4% of Md. borrowers facing foreclosure

May 19, 2010|By Jamie Smith Hopkins, The Baltimore Sun

Maryland borrowers in imminent danger of losing their homes hit 4 percent in March for the first time on record as lenders stepped up the pace of new foreclosure proceedings.

Lenders filed to start foreclosure on about 13,000 borrowers from January through March, compared with 10,500 the previous three months, according to a Mortgage Bankers Association survey released Wednesday.

That's one of the biggest increases in the nation, probably driven by an earlier rise in seriously delinquent loans and lenders hustling to start foreclosure proceedings before the state's new mediation requirement takes effect in July.

The increase comes as the long-running foreclosure crisis seems to be nearing a fork in the road. Will many of the potential foreclosures, held at bay for months by the loan-modification efforts, simply end up on the market as bank-owned homes in another wave starting later in the year? Or will foreclosures ease as the job market improves and more borrowers get their monthly payments lowered?

Some analysts are optimistic.

"We still see a case for gradual improvement," said Jay Brinkmann, chief economist at the Mortgage Bankers Association, which covers about 80 percent of the industry in its survey. "The economy is continuing to grow."

Others are less optimistic.

"We have very little confidence that any modification will work, ultimately," said Wayne Yamano, a vice president at John Burns Real Estate Consulting, a California-based firm that does housing market analysis for builders. "What the modification process has done is delay the release of that distressed property onto the market."

The new cases started by lenders bring to about 43,000 the total number of Maryland homeowners with pending foreclosure suits against them, or 4 percent of all borrowers. Never since the survey began in 1979 have so many loans been caught up in the foreclosure process. Three years ago, it was half a percent — about 6,000 homeowners.

There is one potentially hopeful sign in the mortgage bankers' survey: The pipeline of Marylanders in less serious trouble decreased at the end of March. About 104,000 homeowners were behind on their mortgages but not yet in the foreclosure process, down 11,000 from the end of December.

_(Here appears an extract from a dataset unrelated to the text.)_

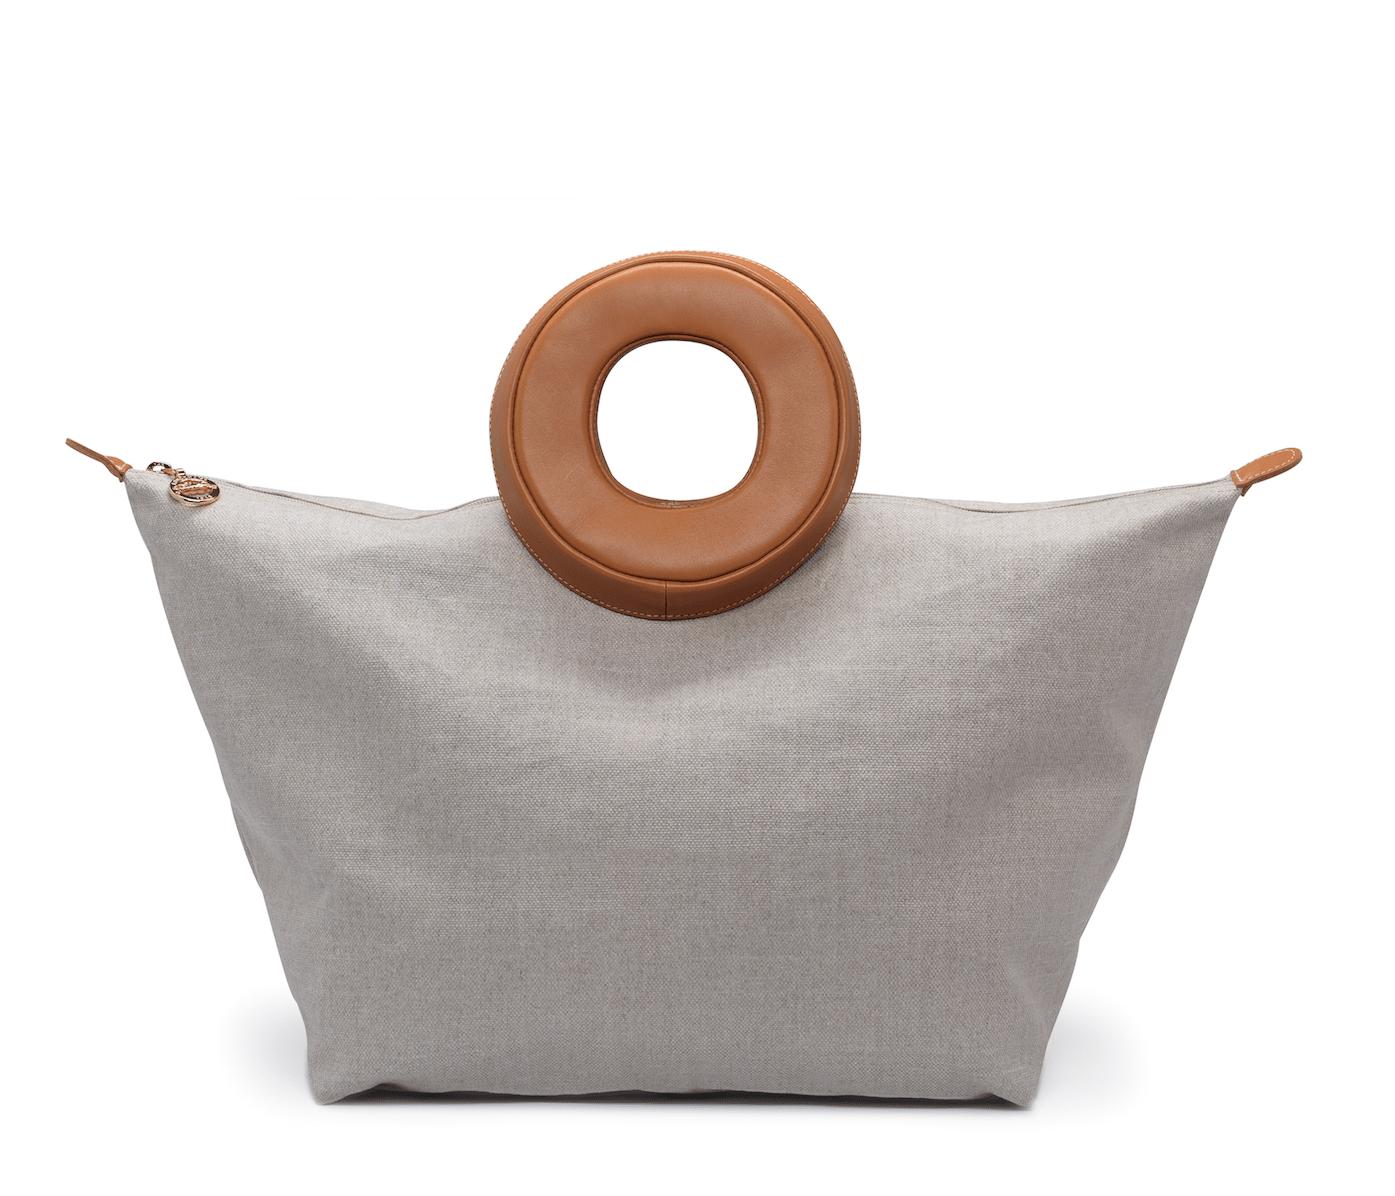 Art Bag Nyc Longchamp Art And Colors In A Bag Mrpinglifecom

What is not yet clear is whether that's an early signal of a turnaround or just a temporary improvement of the sort that often comes in the beginning of the year, as borrowers recover from end-of-the-year budget shocks such as heating bills and holiday expenses. Maryland delinquencies have almost always dipped in the first quarter — with last year one of the rare exceptions.

All told, almost 14 percent of Maryland borrowers are behind, including those in the foreclosure process and those just a month late on payments.

Anne Balcer Norton, director of foreclosure prevention at St. Ambrose Housing Aid Center, a nonprofit in Baltimore that works with homeowners, said she isn't noticing an improvement.

"We continue to see a consistent volume and demand for services," she said.

Norton expected the state's increase in new foreclosure cases because that's what happened two years ago when the General Assembly passed a law to lengthen the timeline before homes could hit the auction block. The law went into effect in April 2008. "The end of March, we saw a rush of filing," she said.

Maryland's newest effort to reduce foreclosures requires that lenders show up for court-supervised mediation with borrowers if the homeowners request it. While cases starting after June 30 will be affected, it was clear during the first quarter that the measure was likely to pass. Gov. Martin O'Malley is scheduled to sign the legislation into law Thursday morning.

But Massoud Ahmadi, director of policy, planning and research at the Maryland Department of Housing and Community Development, says a bigger factor in the rise in new cases is the significant increase in borrowers who were at least 90 days behind on their loans during the fourth quarter of last year. Lenders can start foreclosure proceedings on Maryland borrowers once they've been in default for 90 days.

Fewer borrowers were in that category during the first quarter. "Hopefully, this indicates that … we will see a stabilization of foreclosure starts," Ahmadi said.

The foreclosure crisis started nationwide as subprime loans, higher-interest loans aimed at higher-risk borrowers, went bad in alarming numbers. Housing counselors said many of the borrowers signed up for complex adjustable-rate loans they didn't understand and couldn't afford, which were marketed heavily at the frenzied peak of the housing bubble.

That started a chain reaction. Bad bets on mortgages toppled financial giants and threw the country into a severe recession. Job losses added many more people to the foreclosure rolls — just over half of the Maryland borrowers who were behind on their mortgages in March had prime loans, not subprime.